The search for the next New York Mets manager seems to be dragging along as each day without them playing goes by. As less and less news continues to come out about the next skipper, how does this search compares to the ones from the past?
To reiterate what we’ve reported lately re: Mets, despite the level of intrigue it seems Bogar/Perez getting most buzz internally, with Beltrán and Shelton still possible to some extent. Some conversations with interviewees have also veered into coaching staff possibilities
— Andy Martino (@martinonyc) October 29, 2019
When the Mets hired Mickey Callaway the search only lasted three weeks after the season ended. As Callaway proved throughout his time in Queens, the quick move did not pan out. The rest of the final candidates for the job were Kevin Long, Manny Acta and Joe McEwing. Neither have earned manager jobs elsewhere, so we never quite got to see what the Mets missed out on. It is hard to think they would have done worse than Callaway.
Good ol’ TC
The search for the new manager after the 2010 season was more extensive than the one we currently have now. It was an intense seven week hunt, where Wally Backman was actually the top candidate with Bob Melvin and Chip Hale in the background.
Boy, how nice would it be to have Backman manage the Mets…but that is a topic for another day.
The Mets surprised most when they went with Collins. It seemed like a short term move to prepare Backman for the job in a couple of years. Fans and the organization ended up loving Collins and he lasted seven seasons with the Mets, guiding them to the World Series. Bachman ended up growing tired managing in Triple-A/with management and ended up parting ways with the organization.

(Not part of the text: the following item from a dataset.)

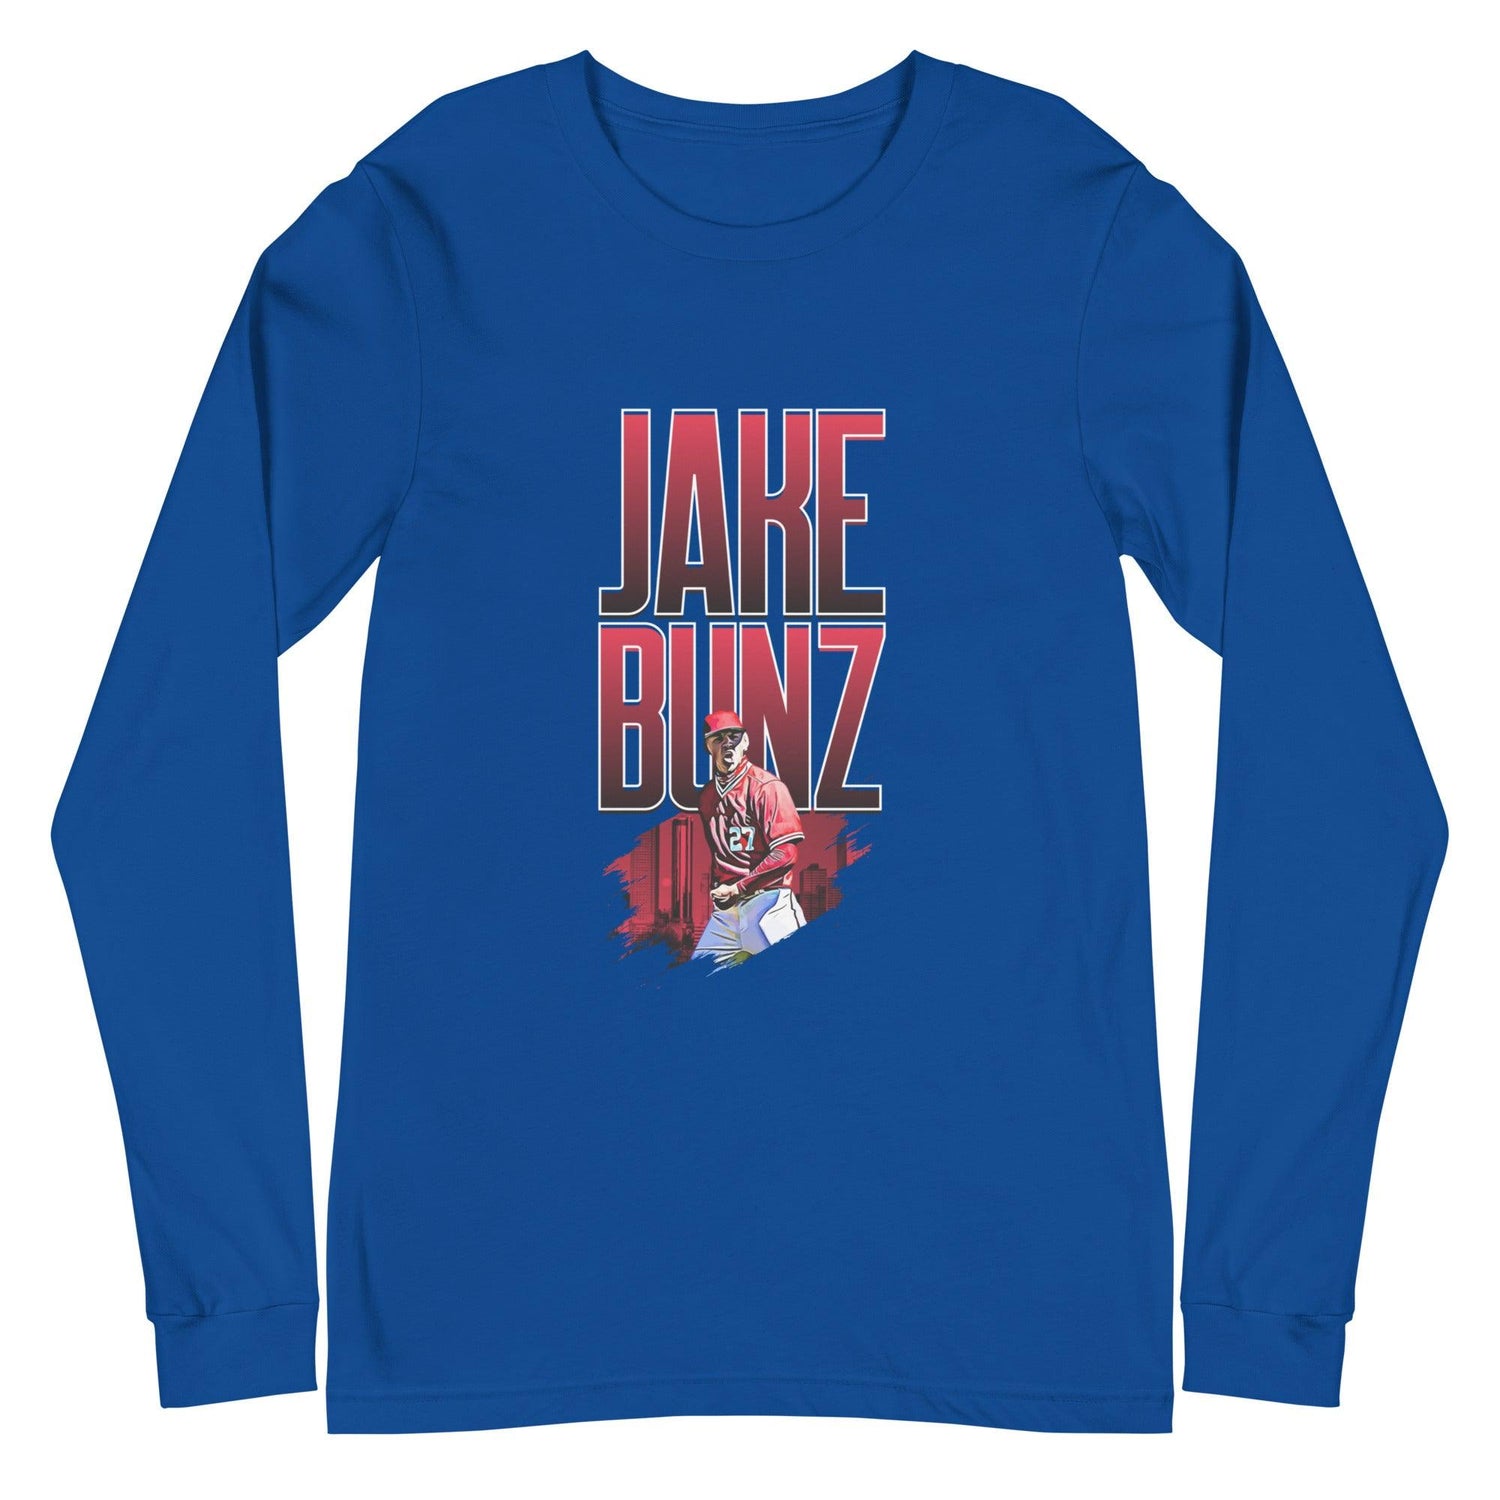 Jake Bunz "Celebrate" Long Sleeve Tee - Fan Arch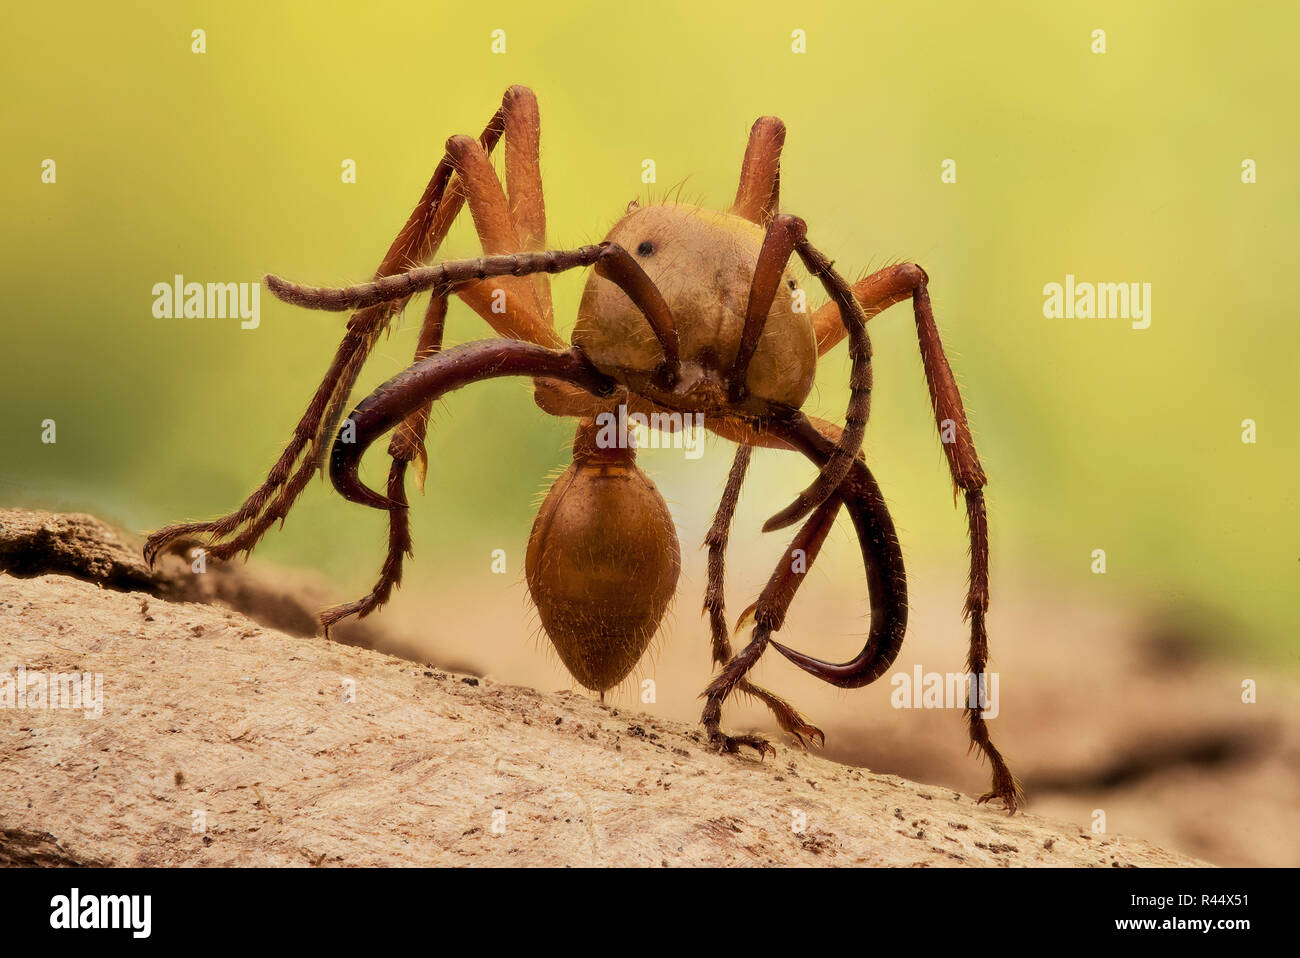 Army ant - Ection - Marabunta Stock Photo

— WFAN Sports Radio (@WFAN660) July 26, 2019
The Mets hiring of Willie Randolph took about a month, which is about the time it would be should the Mets hire a manager with the next few days. Randolph interviewed in 2002, but the Mets deemed him too inexperienced for the job. Turns out it only took two years to become experienced enough. Randolph was the second most successful manager in Mets history, but never earned another managerial gig after the Mets fired him.